* TASK TO CARRY OUT *
Exact reproduction of the listing is required. Pictures are not reproduced.
*** THE DATA
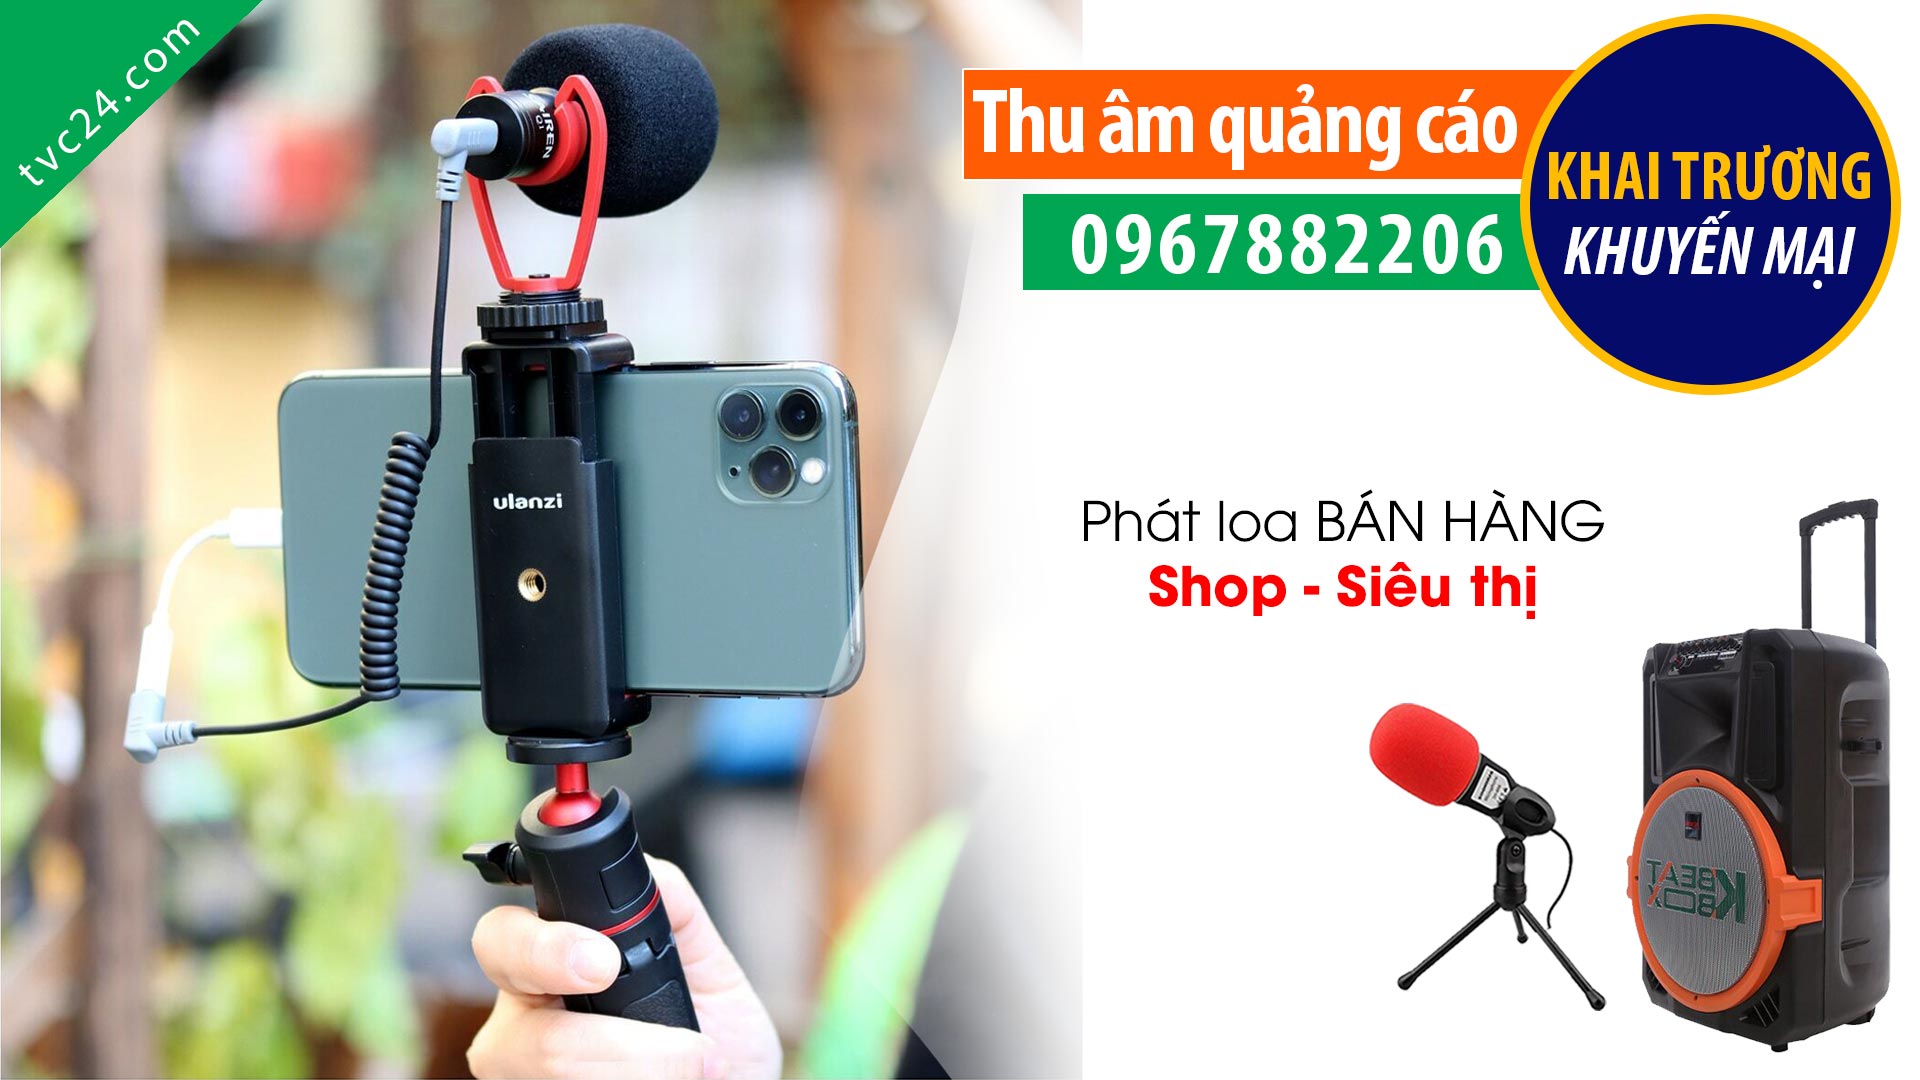  Thu âm quảng cáo cửa hàng điện thoại di động Thái Phương mobile
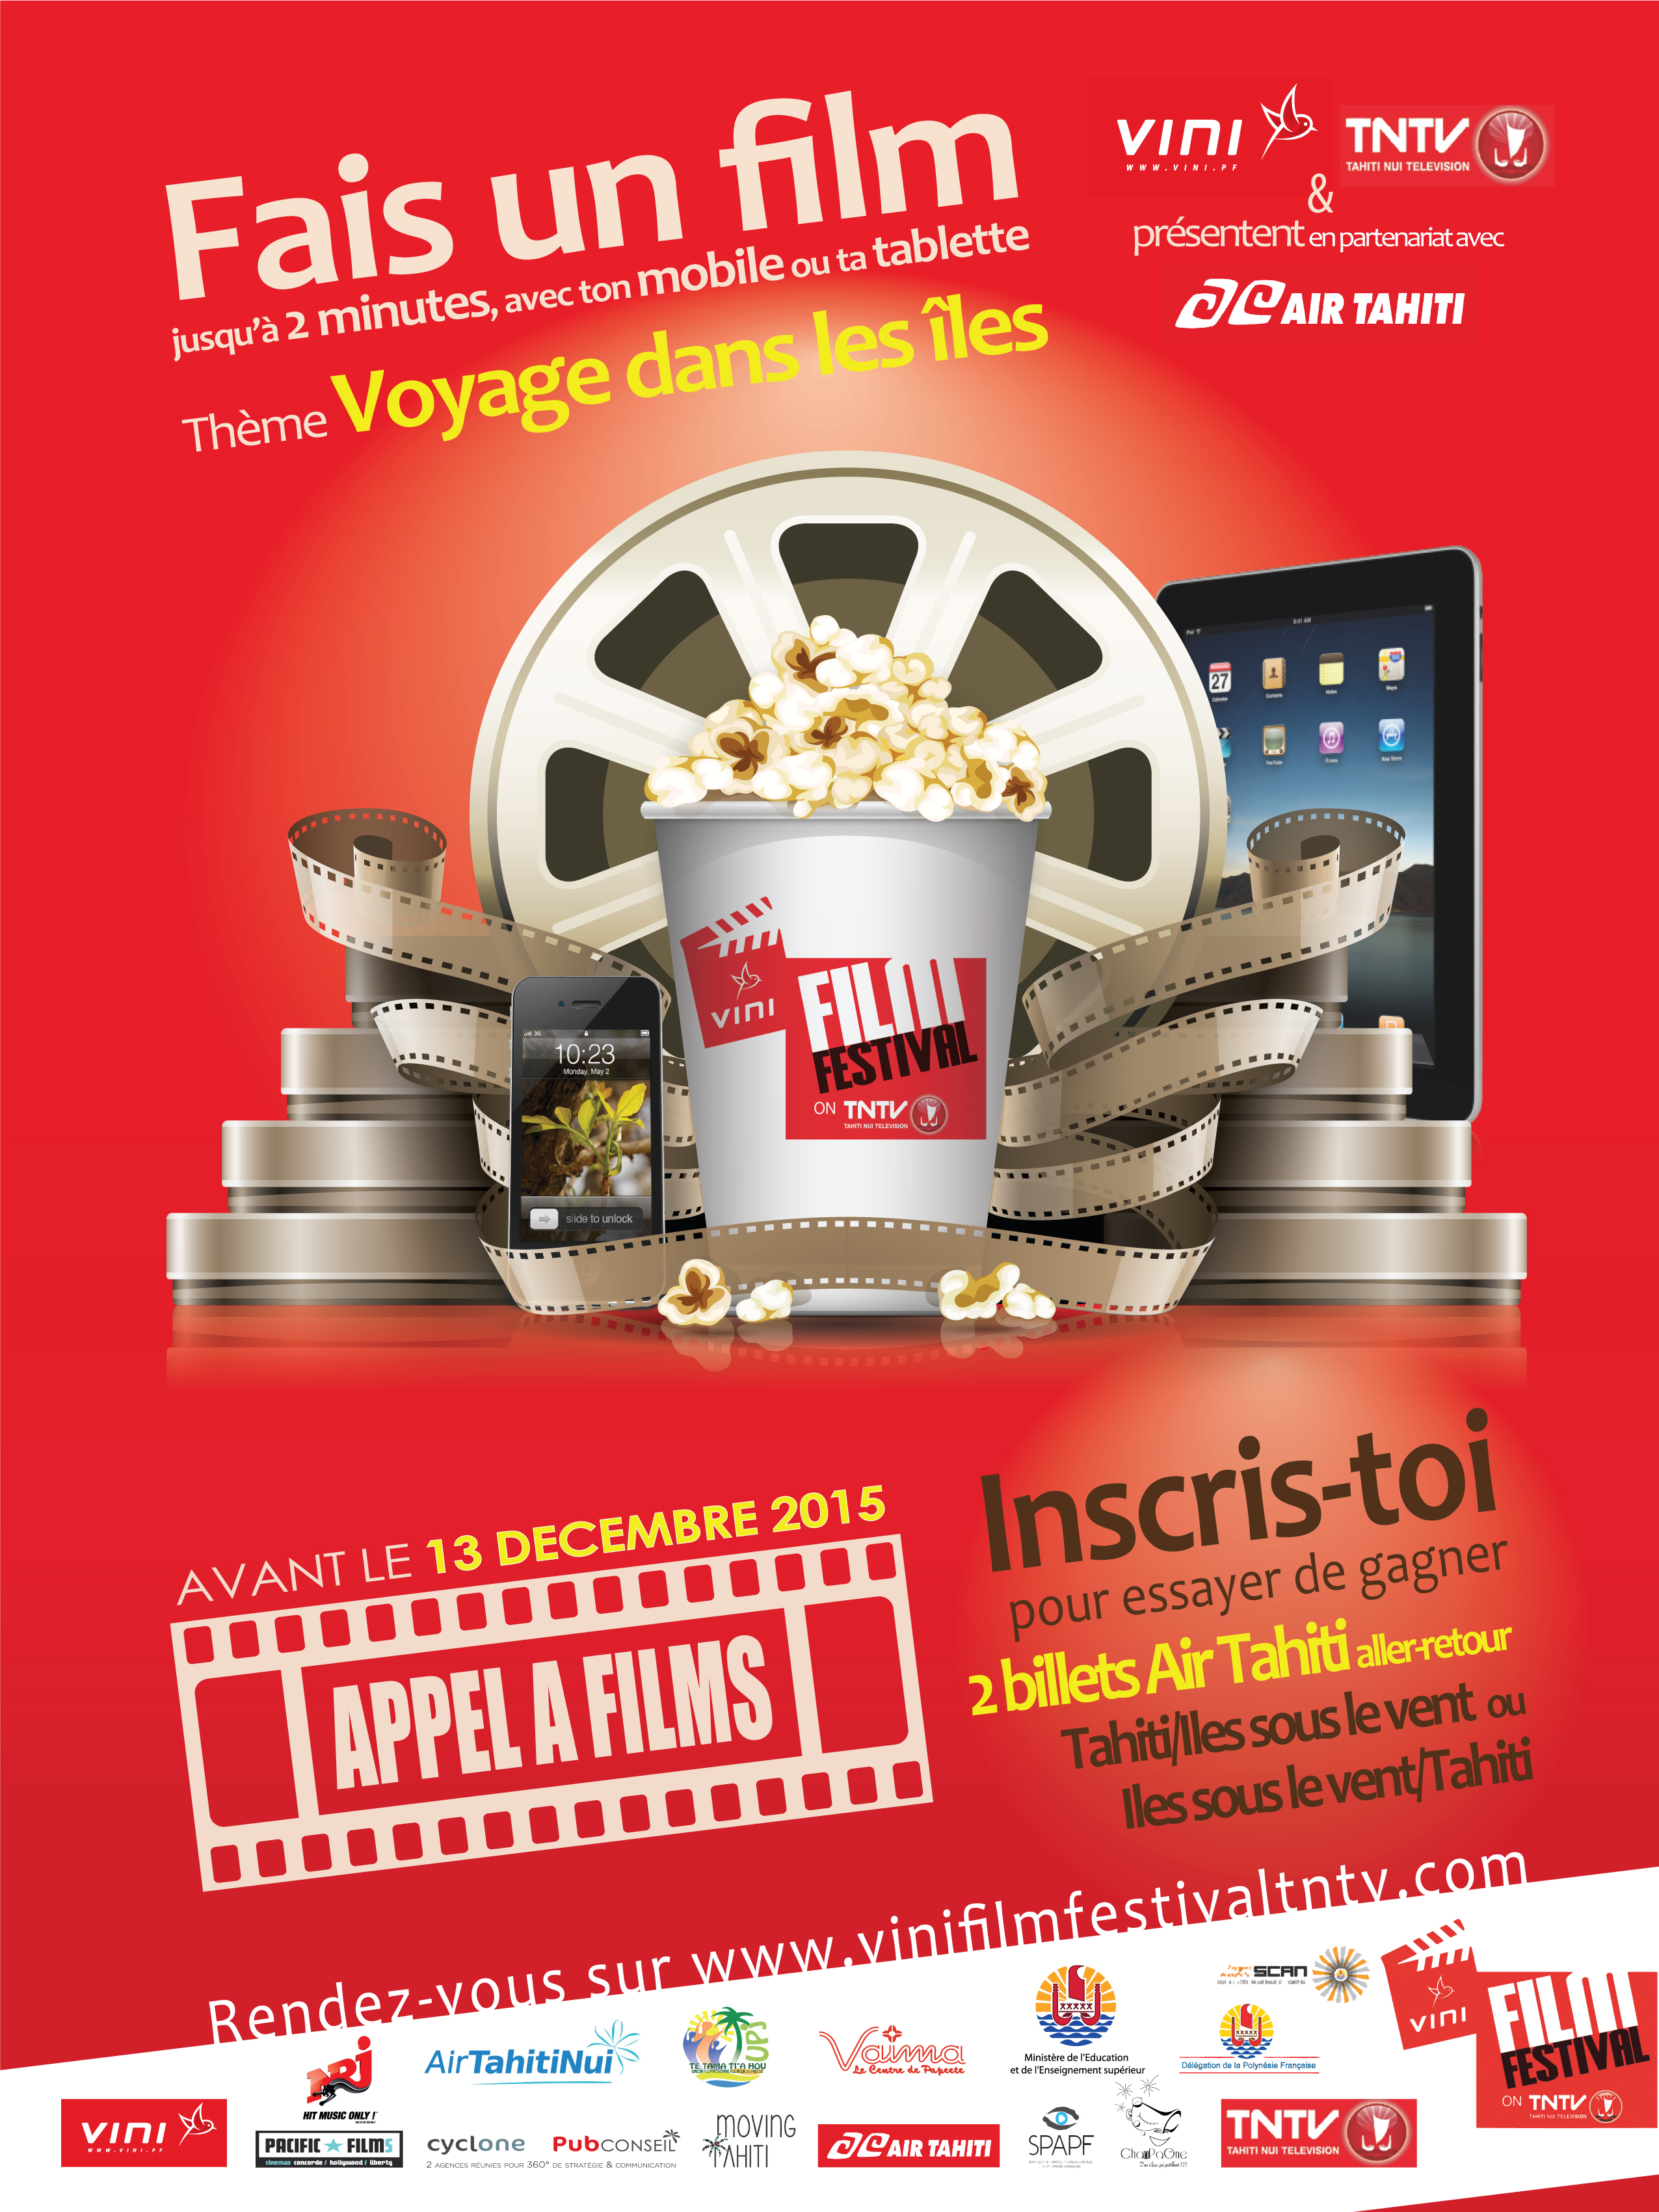 Vini film festival on TNTV : votez pour vos films préférés
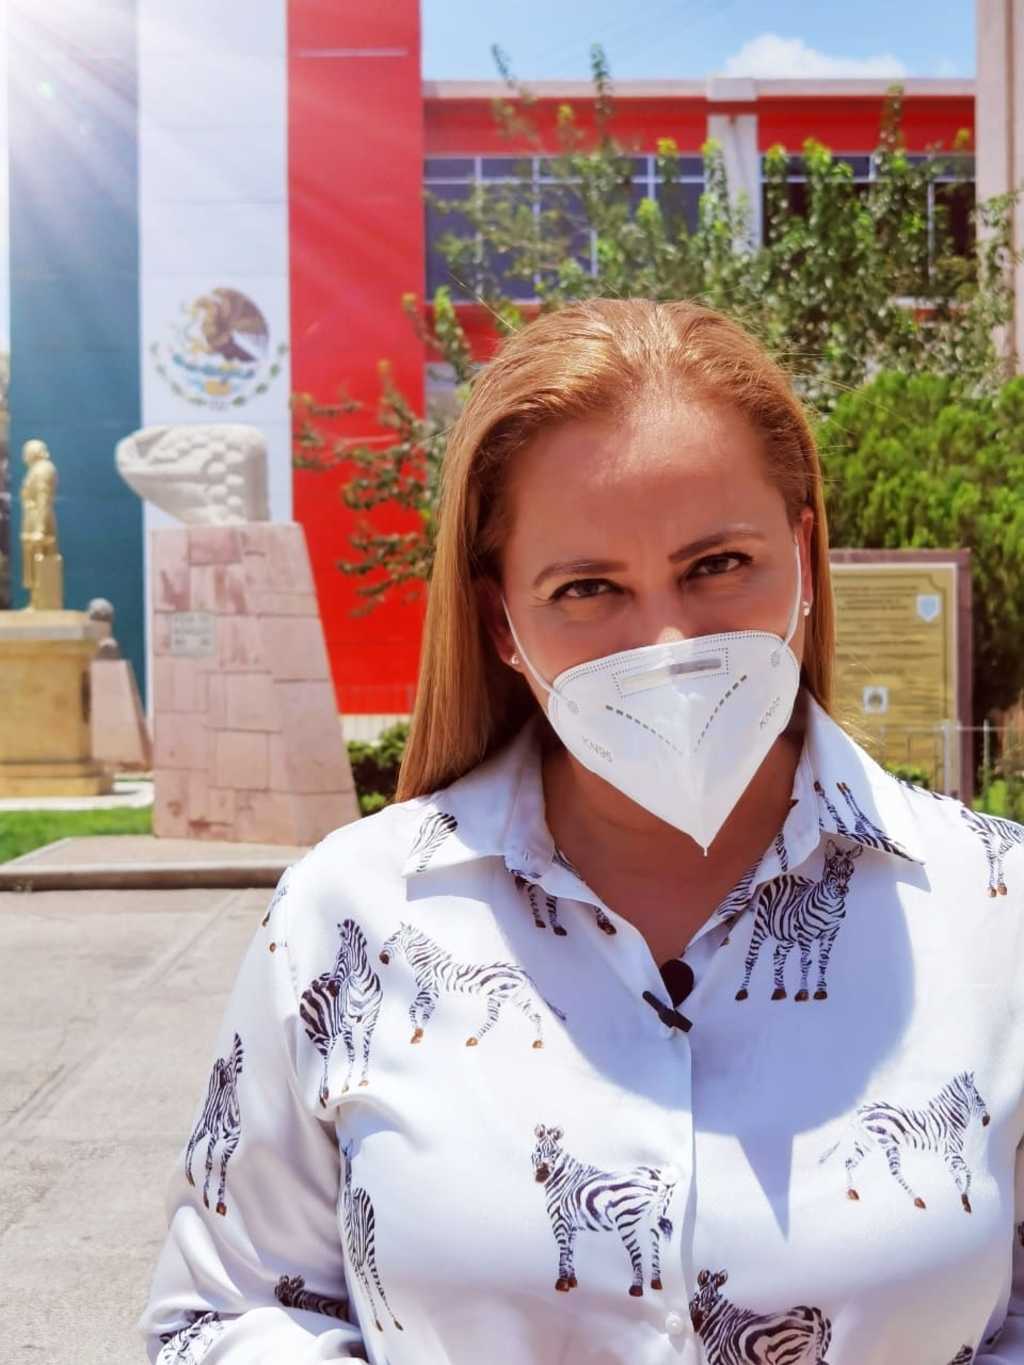 La alcaldesa de Gómez Palacio, Marina Vitela, aclaró que aprovechará las plataformas digitales para dar a conocer su mensaje.
******
* ANSWER FOR THE TASK *
  Thu âm quảng cáo cửa hàng điện thoại di động Thái Phương mobile
 Vini film festival on TNTV : votez pour vos films préférés
 La alcaldesa de Gómez Palacio, Marina Vitela, aclaró que aprovechará las plataformas digitales para dar a conocer su mensaje.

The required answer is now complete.